社会
Posted on 2025年09月21日 18:01

奇跡の脱北起業家〈第1回〉なぜ彼女は「平壌冷麺」と海を渡ったのか(2)朝鮮総連結成と祖父の存在

2025年09月21日 18:01

 ヨンヒが生まれたのは1991年4月、日本海側にある江原道元山だ。港湾都市で、古くから新潟との航路があり、帰国者がたくさんいる。金正恩の肝いりで大規模リゾートが完成したばかりでもある。1991年といえば、すでにベルリンの壁はなく、韓国はソ連と国交を樹立、そのソ連もこの年の暮れ崩壊した。社会主義国・北朝鮮が体制存亡の危機を迎えていたころである。金日成は活路を見いだそうとし、国交正常化へ向け、金丸信、田辺誠を団長とする訪朝団を受け入れるなど日朝関係改善へと動き出していた。交渉は頓挫するものの、帰国者にとっても一条の光だった。

 ヨンヒの母、崔順玉は元山に住んでいたエリート軍人、文義胤と結婚する。彼も帰国者で、ルーツも同じ済州島。文義胤の父、文在連は貧農の出だが、幼くして文才にたけ、晩年に「無名戦士の略歴」と称する自伝を残している。それによれば、1926年に家族と大阪へ移住、鉄工所やメッキ工場で働き、日本人労働者らと朝鮮人のための夜間学校を開設する。朝鮮総連(在日本朝鮮人総聯合会)の結成にも携わり、東京の台東支部委員長に就く。1960年の第41次船で帰国したときは1300人を引率する責任者であった。

 祖国とはいえ、見知らぬ土地で育った両親、そのなれそめをヨンヒは冗談まじりに語る。

「元山にいた母方のおばさんがパパに紹介したんです。ママは芸術宣伝部隊で歌っている1枚のカラー写真を送る。歌がうまく、背も高いのでパパは気に入った。元山から海州まで列車で行くの。2~3日かけてね。デートといっても家でご飯を食べてしゃべるだけ。ある朝、ママの使っている洗顔クリームが臭いと言って大げんかになって。パパ、夜中までギターを弾き、なだめたんだって。大好きだったのね。長距離恋愛は1年続き、ようやく結ばれたそうです」

 元山での暮らし向きはよかった。帰国者のうちでもトップクラスといえた。元総連幹部の子息である父は朝鮮人民軍総政治局傘下の高級軍人専用休養所の所長になっていた。住まいは元山の一等地、松濤園ホテルのそば、6階建てマンションの2階にあった。窓を開ければ、港が見えた。ヨンヒは幼稚園のころからピアノの英才教育を受け、元山芸術学院(大学)の初級班(小学校)、中級班(中学校)へ進む。自宅にはピアノがあった。「万景峰号」で日本から運ばれてきたものだ。
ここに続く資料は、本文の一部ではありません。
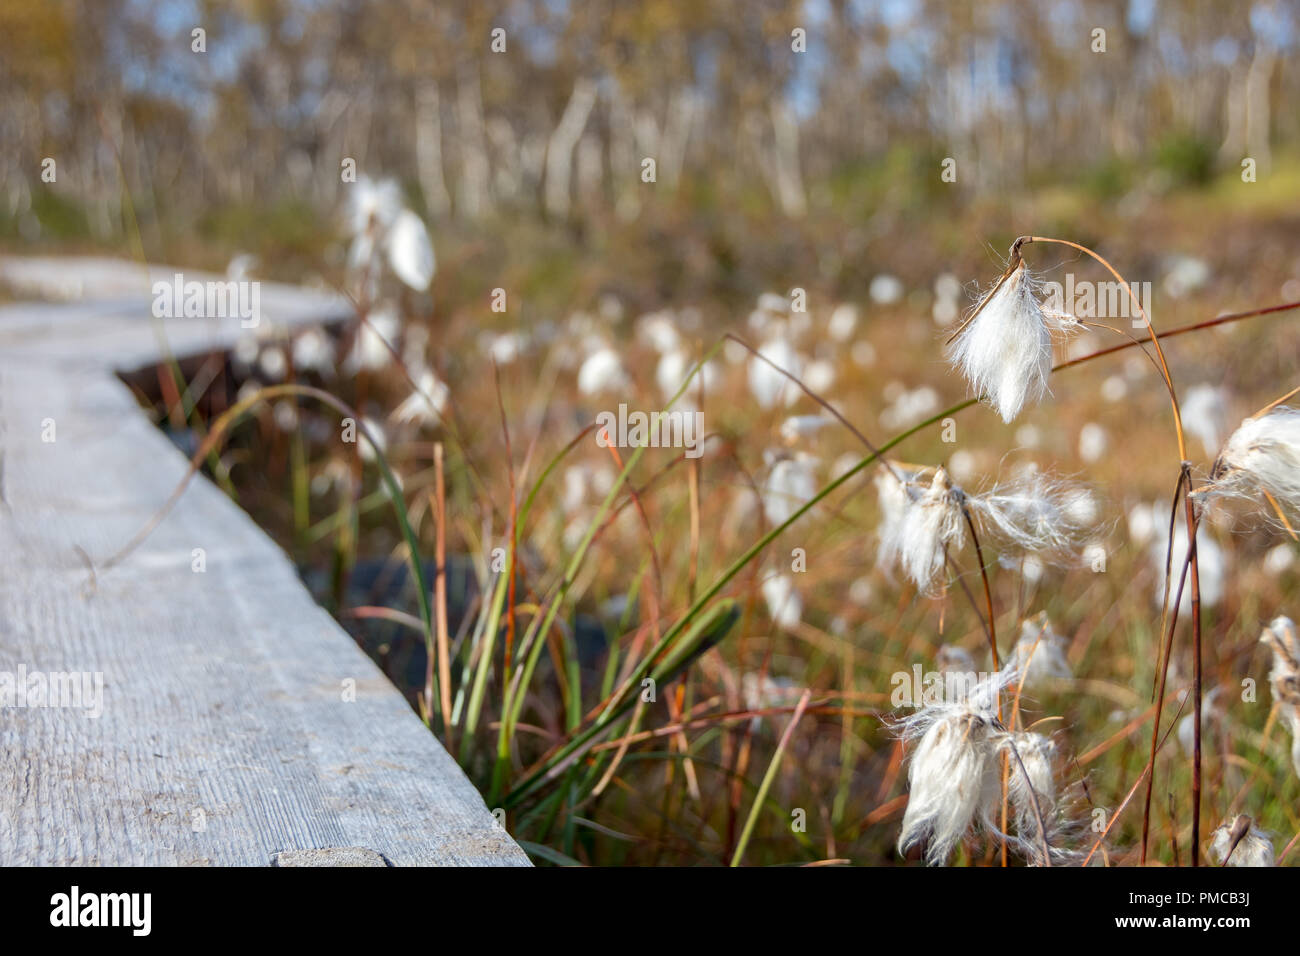 Common cottongrass in Kilpisjärvi, Finnish Lapland Stock Photo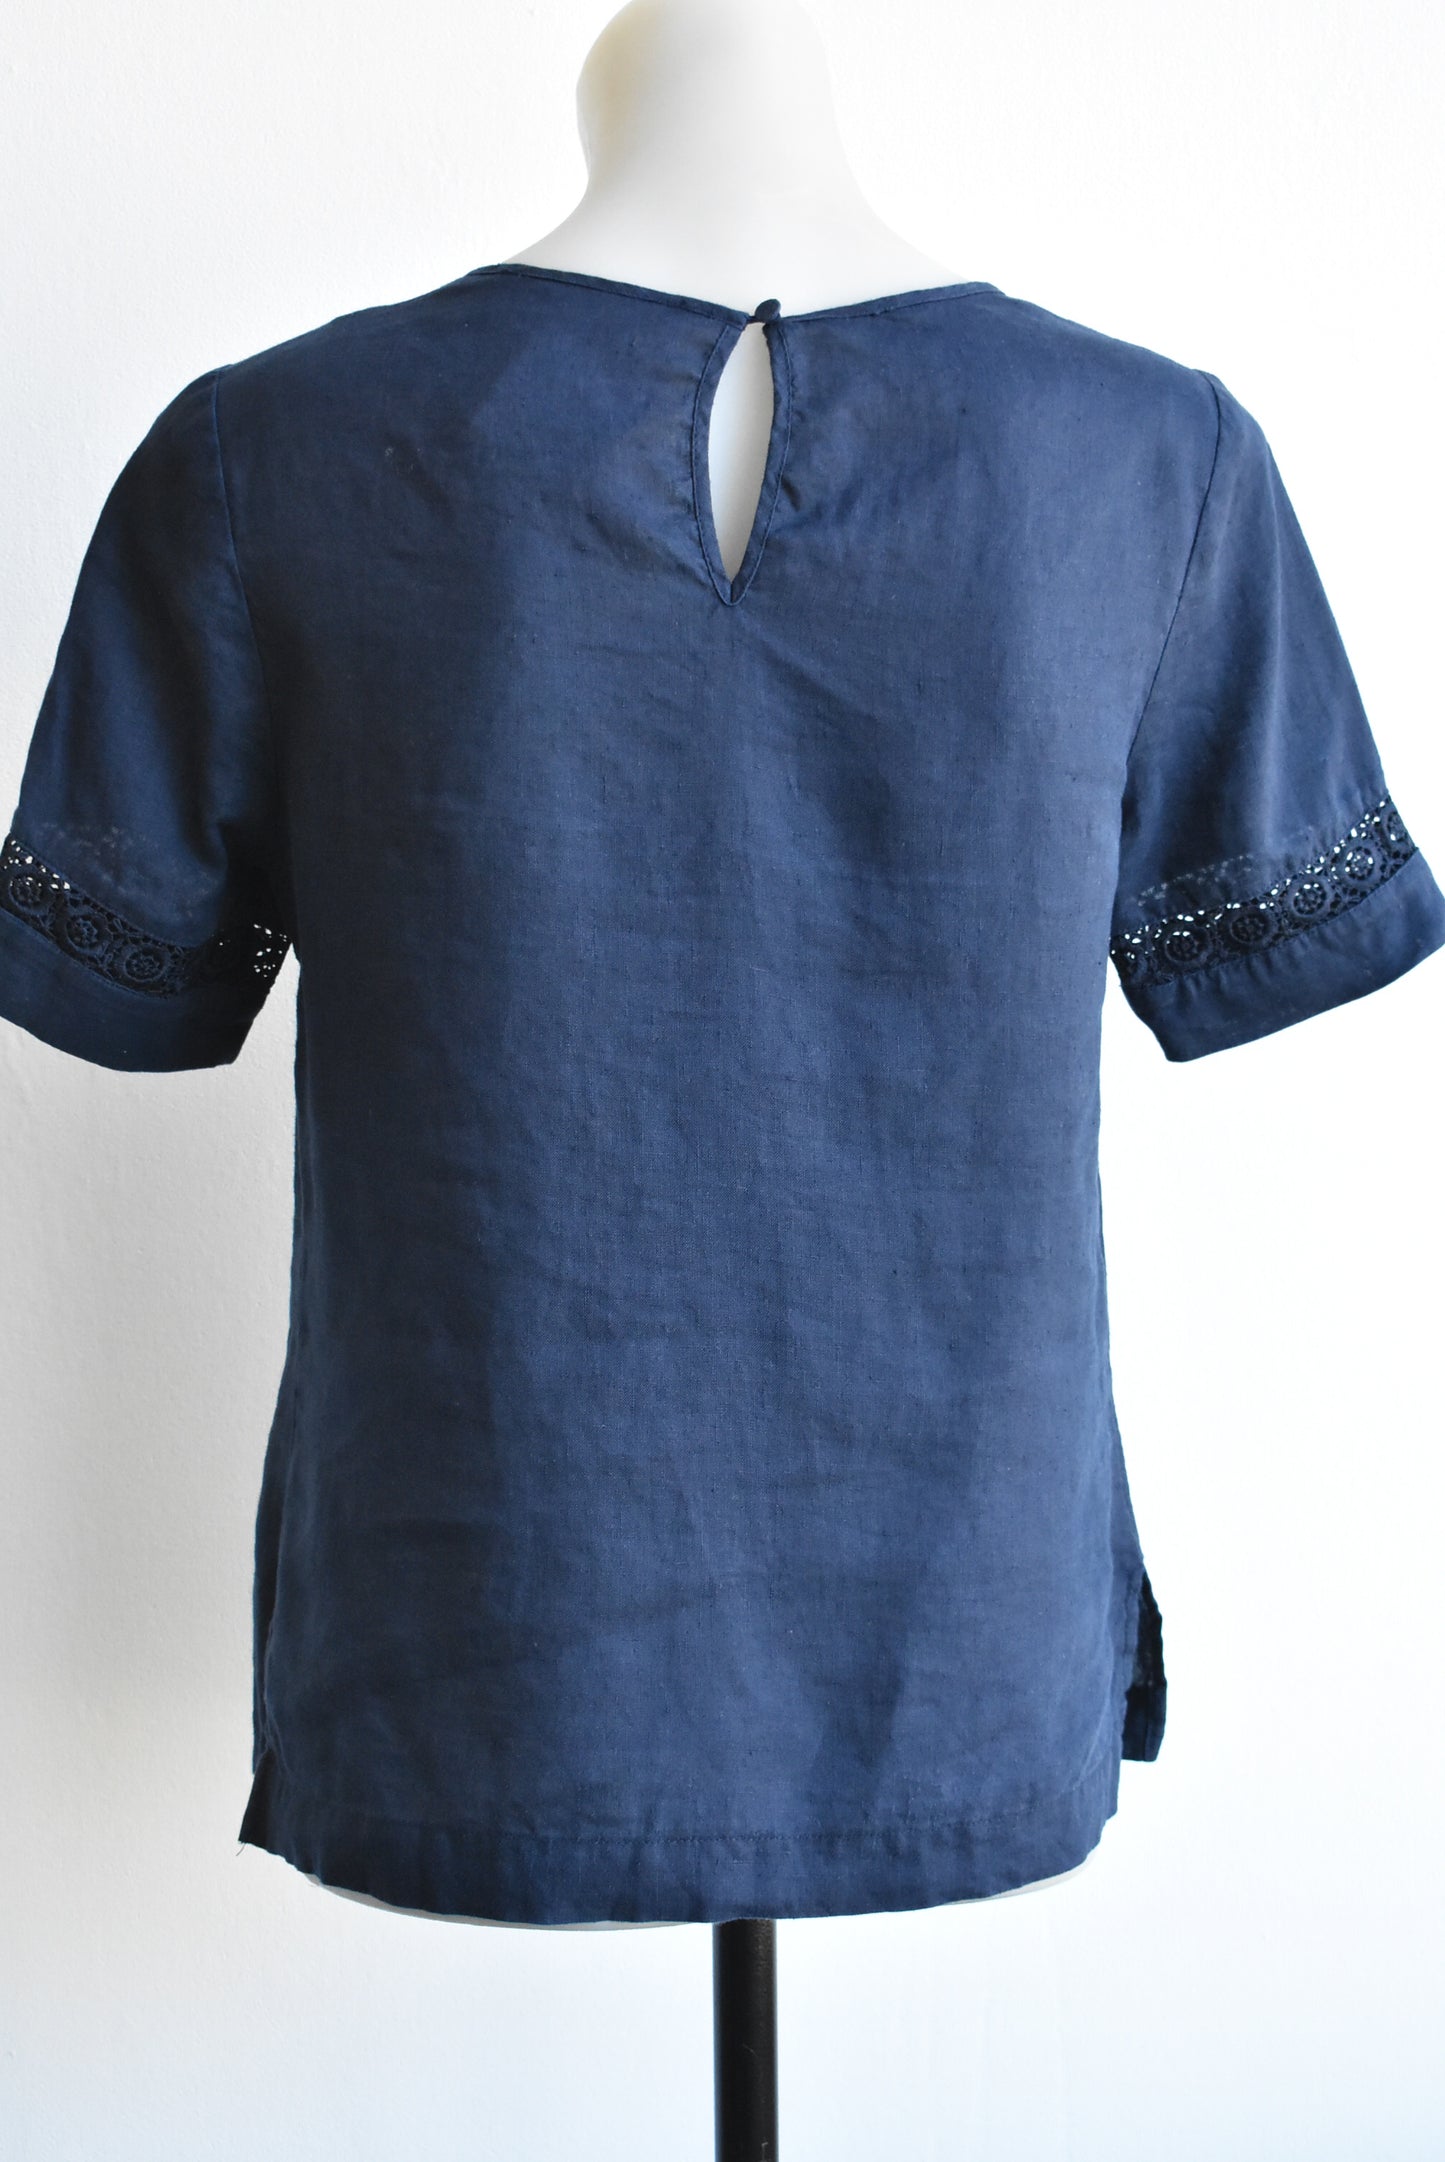 Jacqui E blue linen lace panel top, size 6

「船長の奥さんが中古ピアノを仕入れ、家で売っていたんですよ。初めはヤマハのU2というランクのピアノを買って、次にU3という上位ランクのピアノを買ってくれました」

 ヨンヒの母はそんなエリート軍人の妻である。のんびり優雅に過ごせただろうにそうはいかない。済州のDNAだ。元山芸術学院の近くにある大型ヘルスセンター「恩徳院」の2階をすべて食堂に改装し、社長におさまる。テーブルが60、メニューは50~60種類。厨房は7人、刺身担当、鉄板担当の料理長がそれぞれいた。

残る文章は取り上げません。